*WHAT YOU ARE ASKED TO DO:*
What is needed is a verbatim copy of the data, minus the pictures.

*SUPPLIED INFORMATION:*
----------------------------------------

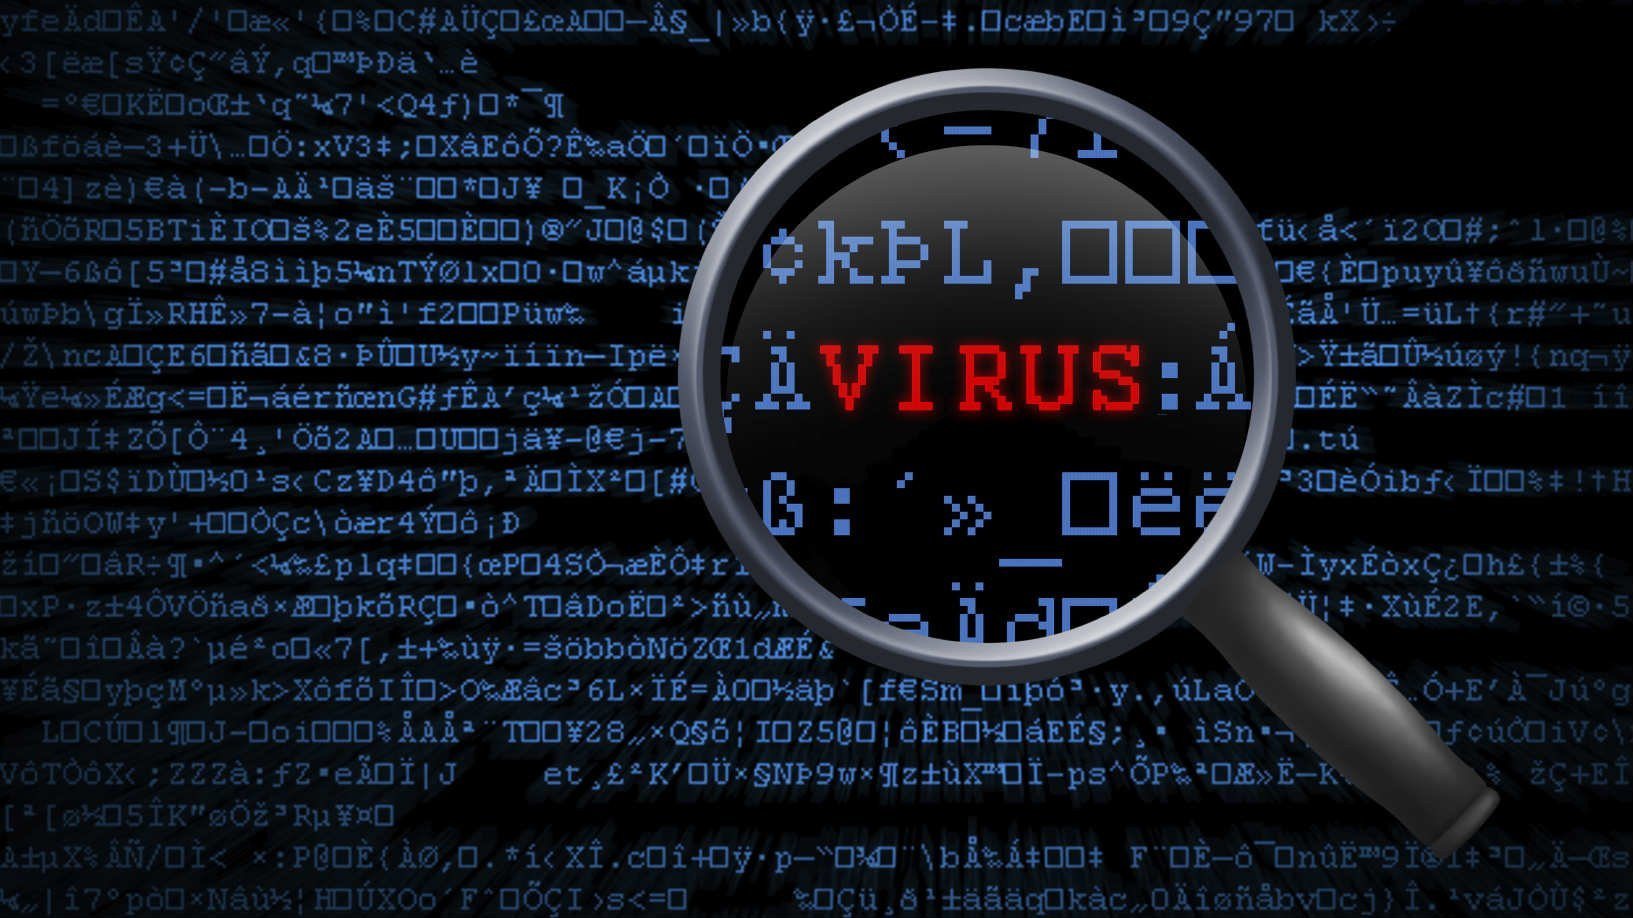 Пользователей браузеров Chrome иFirefox атаковал вирус, похищающий данные
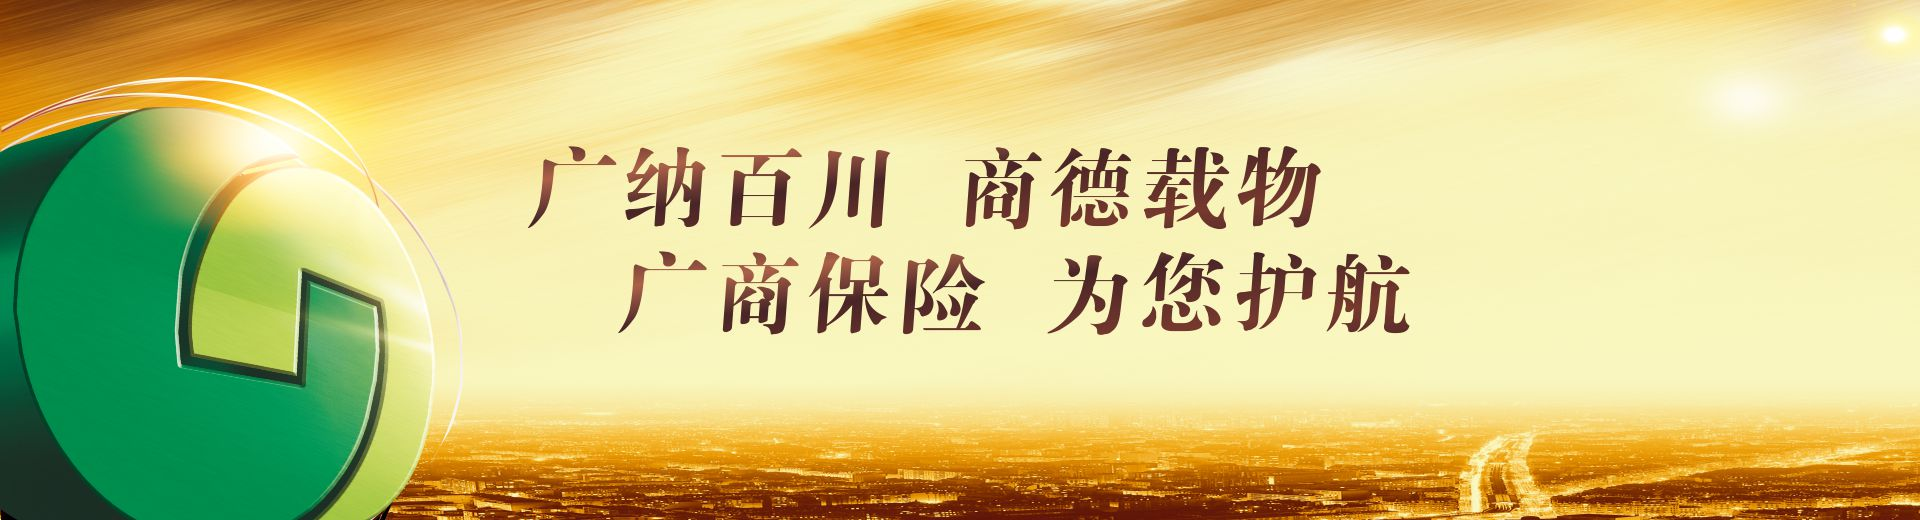 广纳百川,商德载物,vwin德嬴手机客户端德赢ac米兰合作伙伴,为您护航
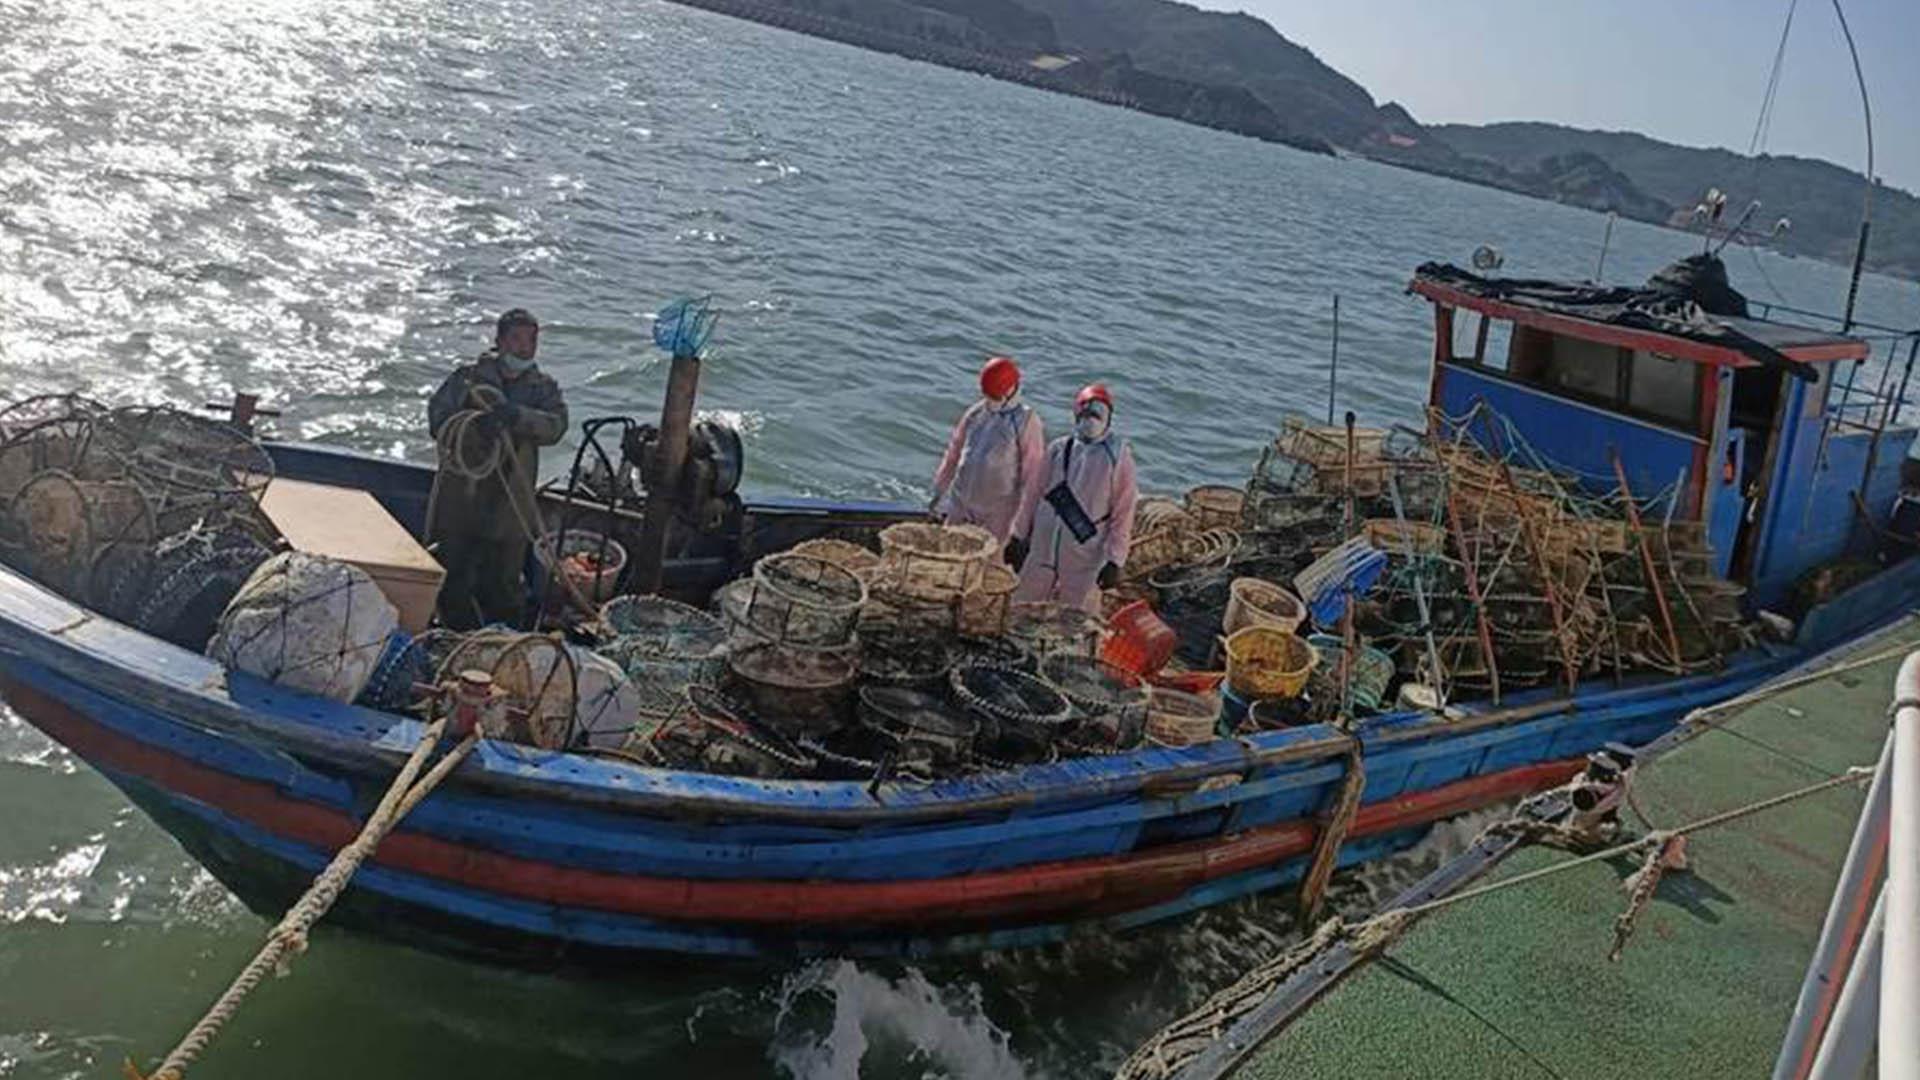 民进党当局查扣大陆渔船并拘捕4人 解放军军机连续5天入台空域图片

----------------------------------------

*EXERCISE ANSWER:*
 Пользователей браузеров Chrome иFirefox атаковал вирус, похищающий данные
 广纳百川,商德载物,vwin德嬴手机客户端德赢ac米兰合作伙伴,为您护航
 民进党当局查扣大陆渔船并拘捕4人 解放军军机连续5天入台空域图片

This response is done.